Audio Super-Resolution (SR) is an important topic as low-resolution recordings are ubiquitous in daily life. In this paper, we focus on the music SR task, which is challenging due to the wide frequency response and dynamic range of music. Many models are designed in time domain to jointly process magnitude and phase of audio signals. However, prior works show that approaches using Time-Domain Convolutional Neural Network (TD-CNN) tend to produce annoying artifacts in their waveform outputs, and the cause of the artifacts is yet to be identified. To the best of our knowledge, this work is the first to demonstrate the artifacts in TD-CNNs are caused by the phase distortion via a subjective experiment. We further propose Time-Domain Phase Repair (TD-PR), which uses a neural vocoder pre-trained on the wide-band data to repair the phase components in the waveform outputs of TD-CNNs. Although the vocoder and TD-CNNs are independently trained, the proposed TD-PR obtained better mean opinion score, significantly improving the perceptual quality of TD-CNN baselines. Since the proposed TD-PR only repairs the phase components of the waveforms, the improved perceptual quality in turn indicates that phase distortion has been the cause of the annoying artifacts of TD-CNNs. Moreover, a single pretrained vocoder can be directly applied to arbitrary TD-CNNs without additional adaptation. Therefore, we apply TD-PR to three TD-CNNs that have different architecture and parameter amount. Consistent improvements are observed when TD-PR is applied to all three TD-CNN baselines. Audio samples are available on the demo page.

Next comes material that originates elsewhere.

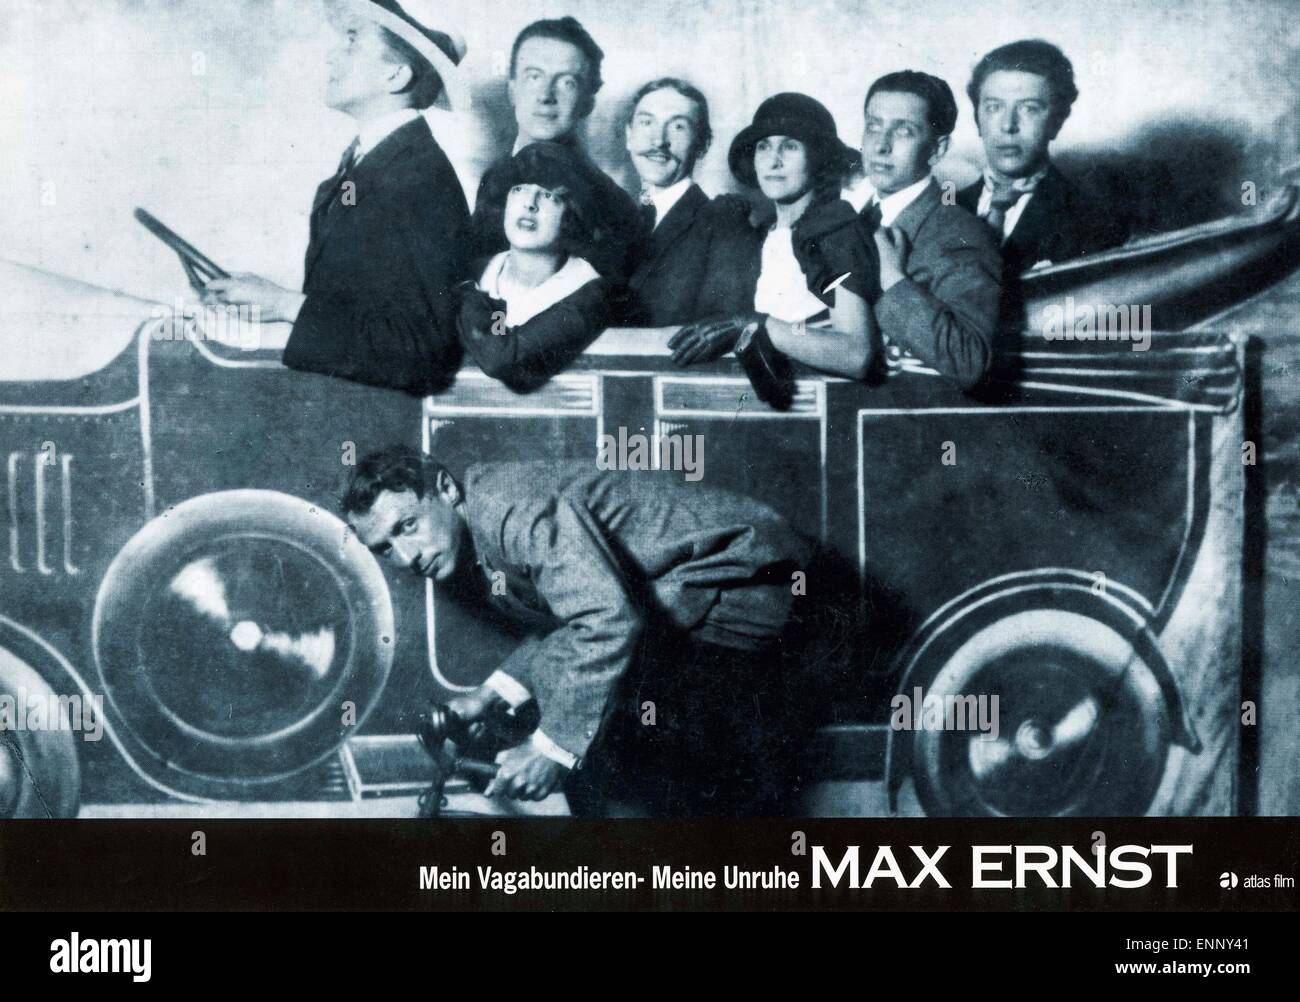 Max Ernst: Mein Vagabundieren - Meine Unruhe, Deutschland 1991, Regie: Peter Schamoni, Darsteller: Max Morise, Max Ernst, Simone Stock Photo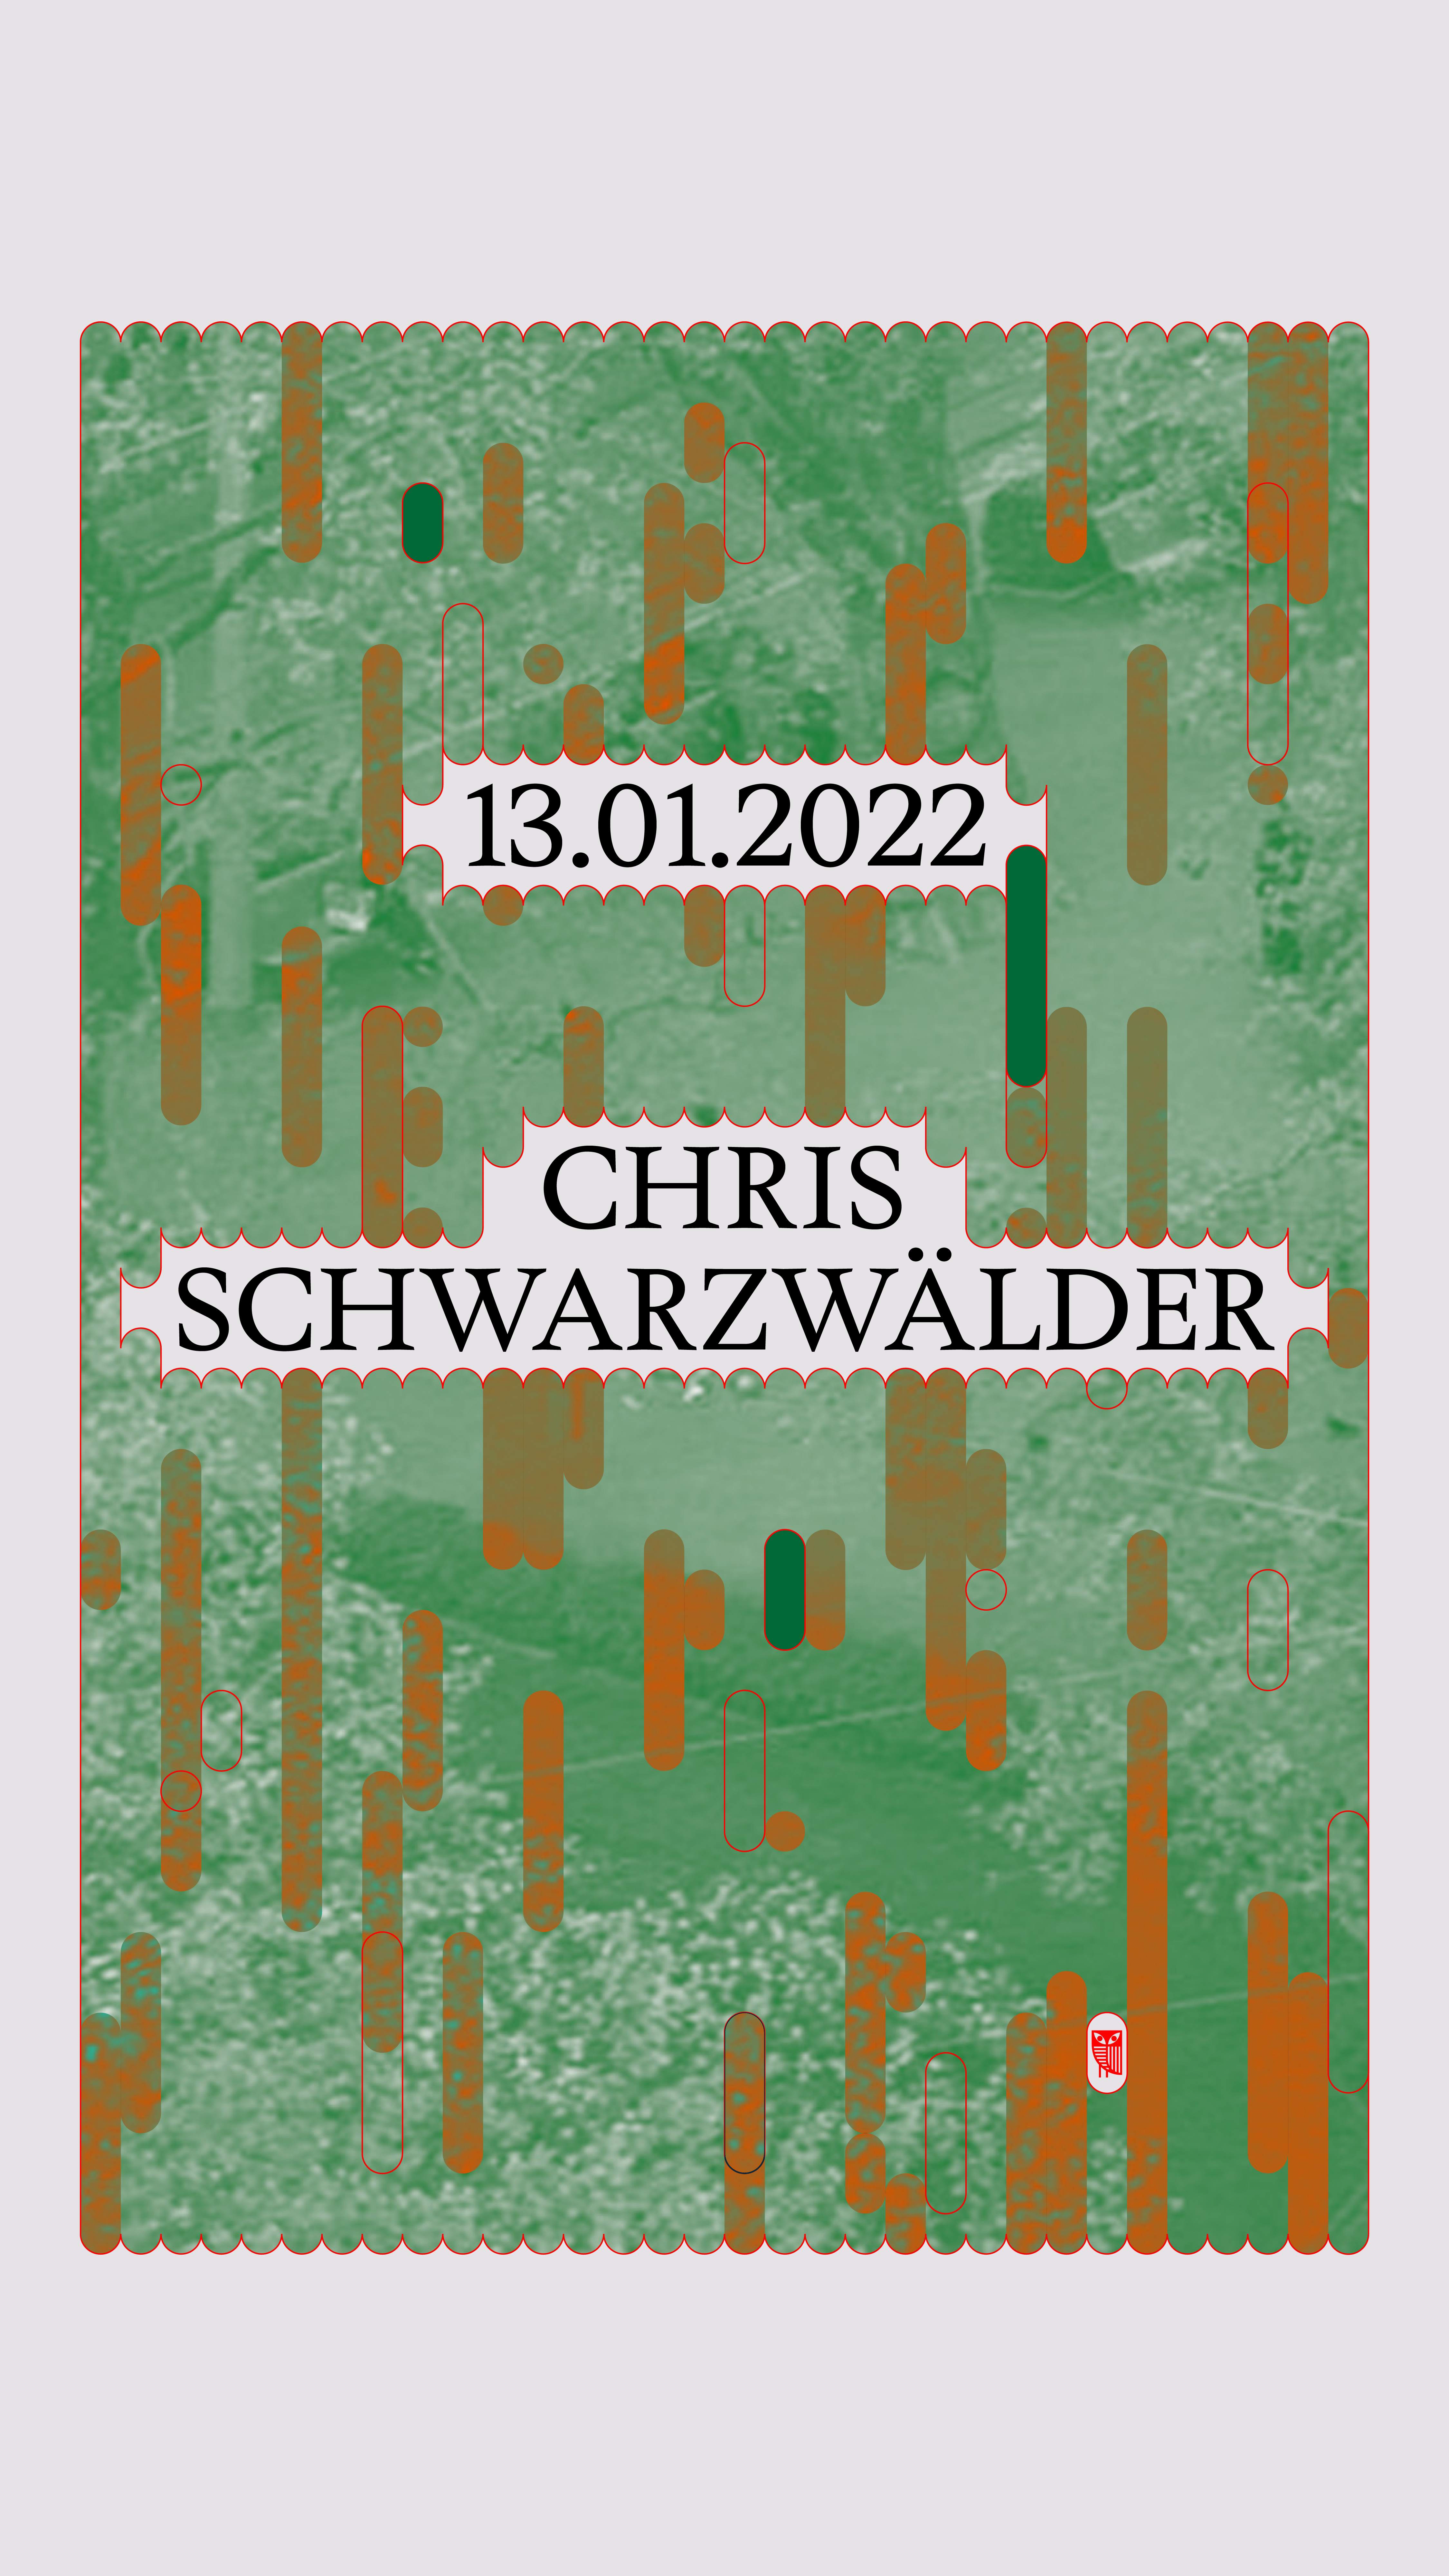 Chris Schwarzwälder - フライヤー表

翻译：音频超分辨率（SR）是一个重要课题，因为低分辨率录音在日常生活中普遍存在。本文聚焦于音乐SR任务，该任务因音乐宽频率响应与大动态范围而具有挑战性。许多模型在时域中设计，以联合处理音频信号的幅度与相位。然而，先前研究表明，使用时域卷积神经网络（TD-CNN）的方法往往在其波形输出中产生令人困扰的伪影，而伪影的成因尚待明确。据我们所知，本研究首次通过主观实验证明TD-CNN中的伪影是由相位失真引起的。我们进一步提出时域相位修复（TD-PR），该方法利用在宽带数据上预训练的神经声码器修复TD-CNN波形输出中的相位分量。尽管声码器与TD-CNN独立训练，所提出的TD-PR获得了更优的平均意见得分，显著提升了TD-CNN基线的感知质量。由于TD-PR仅修复波形的相位分量，感知质量的提升反过来表明相位失真正是TD-CNN产生恼人伪影的成因。此外，单个预训练声码器可直接应用于任意TD-CNN而无需额外适配。因此，我们将TD-PR应用于三种架构与参数量各异的TD-CNN。当TD-PR应用于所有三种TD-CNN基线时，观察到一致的性能提升。音频样本可于演示页面获取。